Durant plusieurs années, la jeune femme, qui a notamment été reconnue coupable de calomnie, injure, menace et induction de la justice en erreur, a envoyé des centaines d’e-mails, de messages et de commentaires à un ex et sa nouvelle amie ainsi qu’à ses enseignants. Concernant les premiers, le tribunal a estimé qu’elle avait agi «de manière obsessionnelle, par méchanceté et dans un esprit de vengeance». La jeune femme, qui nie presque tous les faits, a fait appel de sa condamnation.

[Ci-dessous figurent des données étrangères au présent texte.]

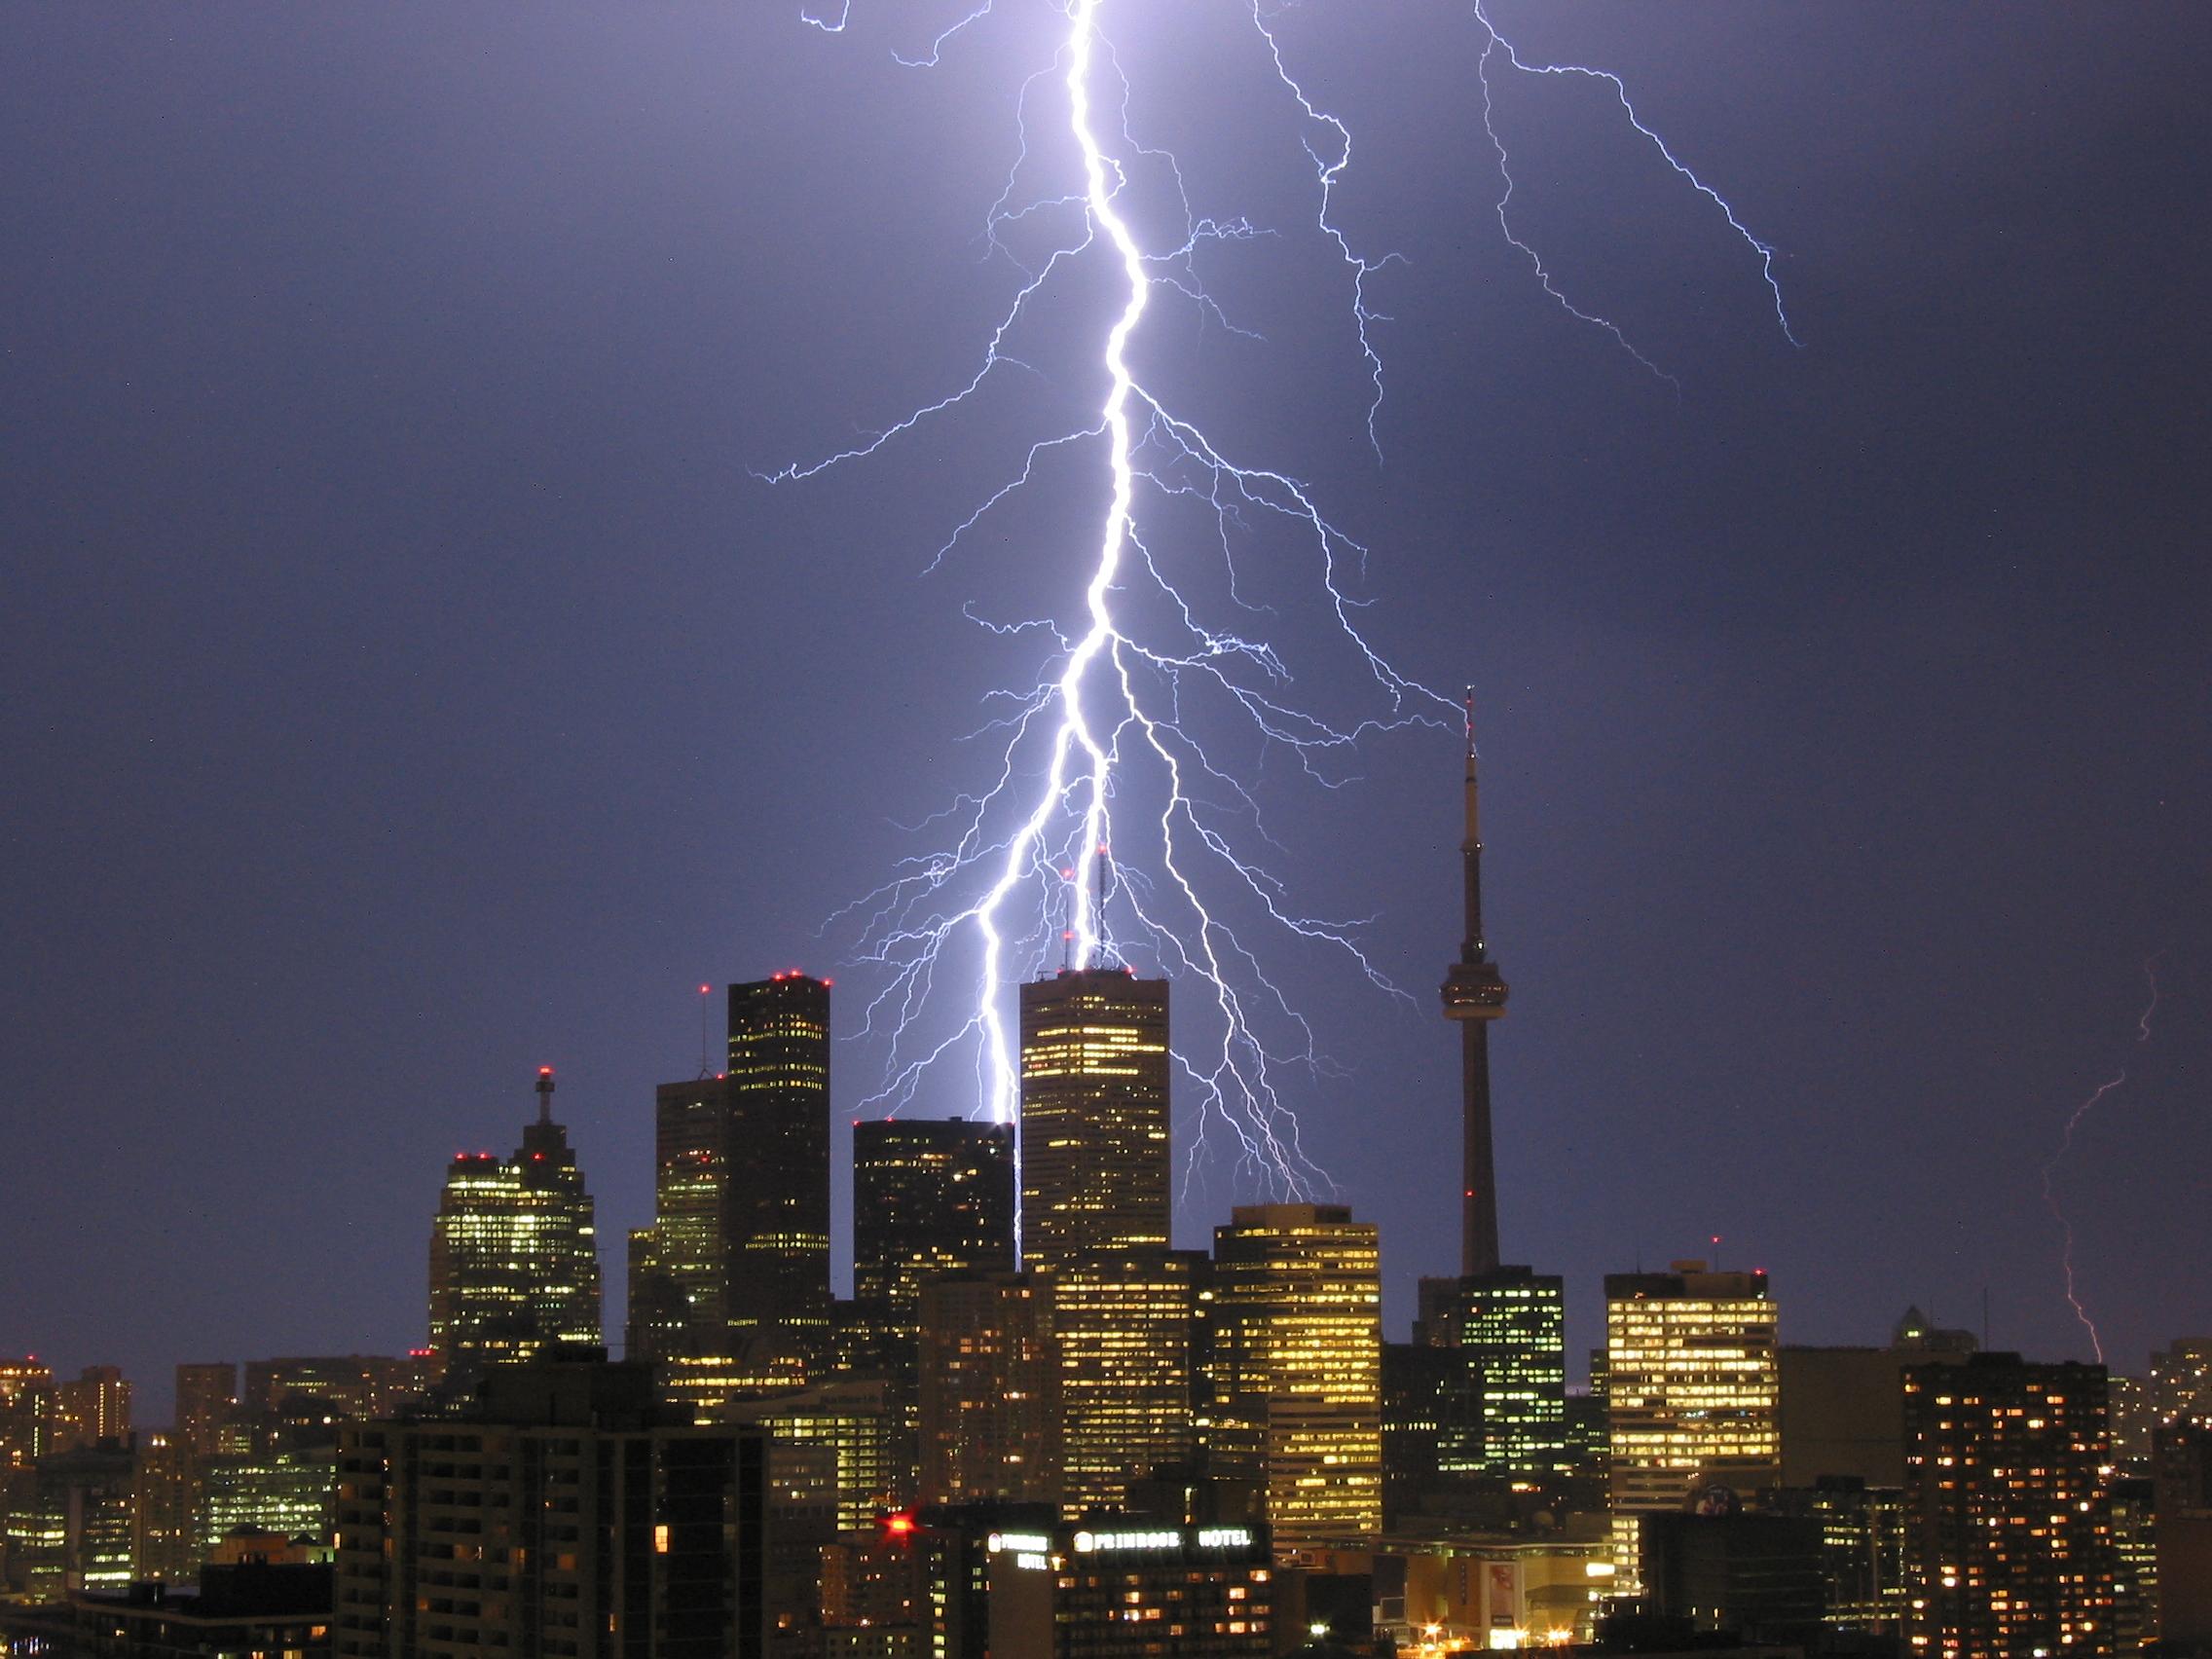 2003-Aug-23 - Toronto thunderstorm

Actuellement, le droit suisse ne réprime pas expressément le harcèlement obsessionnel ni sa variante «cyber». Un vide juridique qui oblige les victimes de tels comportements souhaitant porter plainte à «rattacher» les faits subis à une disposition légale existante, comme dans l’affaire de Genève ou celle de la conseillère nationale Porchet.
Pour l’avocate pénaliste Miriam Mazou, cette absence d’infraction spécifique constitue un vrai problème: «Si l’on n’envoie pas un message clair en qualifiant expressément certains agissements comme étant du (cyber)harcèlement, on prend le risque d’une minimisation ou d’un sentiment d’impunité pour les auteurs, ainsi que celui d’un manque de protection du côté des victimes, puisque ces dernières n’ont pas toujours conscience que ce qu’elles subissent peut tomber sous le coup d’une norme pénale.» Pour l’avocate lausannoise, une telle clarification permettrait en outre une meilleure prise en charge par la police, parfois insuffisamment informée sur ces questions.
Si notre Code pénal semble donc à la traîne, les choses pourraient bientôt changer. En effet, un postulat chargeant le Conseil fédéral de présenter les différentes possibilités de compléter le Code pénal afin de punir le cyberharcèlement et la violence numérique a été déposé en juin 2021. Si elle se réjouit de cette avancée, Miriam Mazou plaide également pour l’introduction d’une disposition réprimant expressément le harcèlement, même lorsque celui-ci ne se passe pas sur internet: «Cette réalité mérite également une disposition légale spécifique.»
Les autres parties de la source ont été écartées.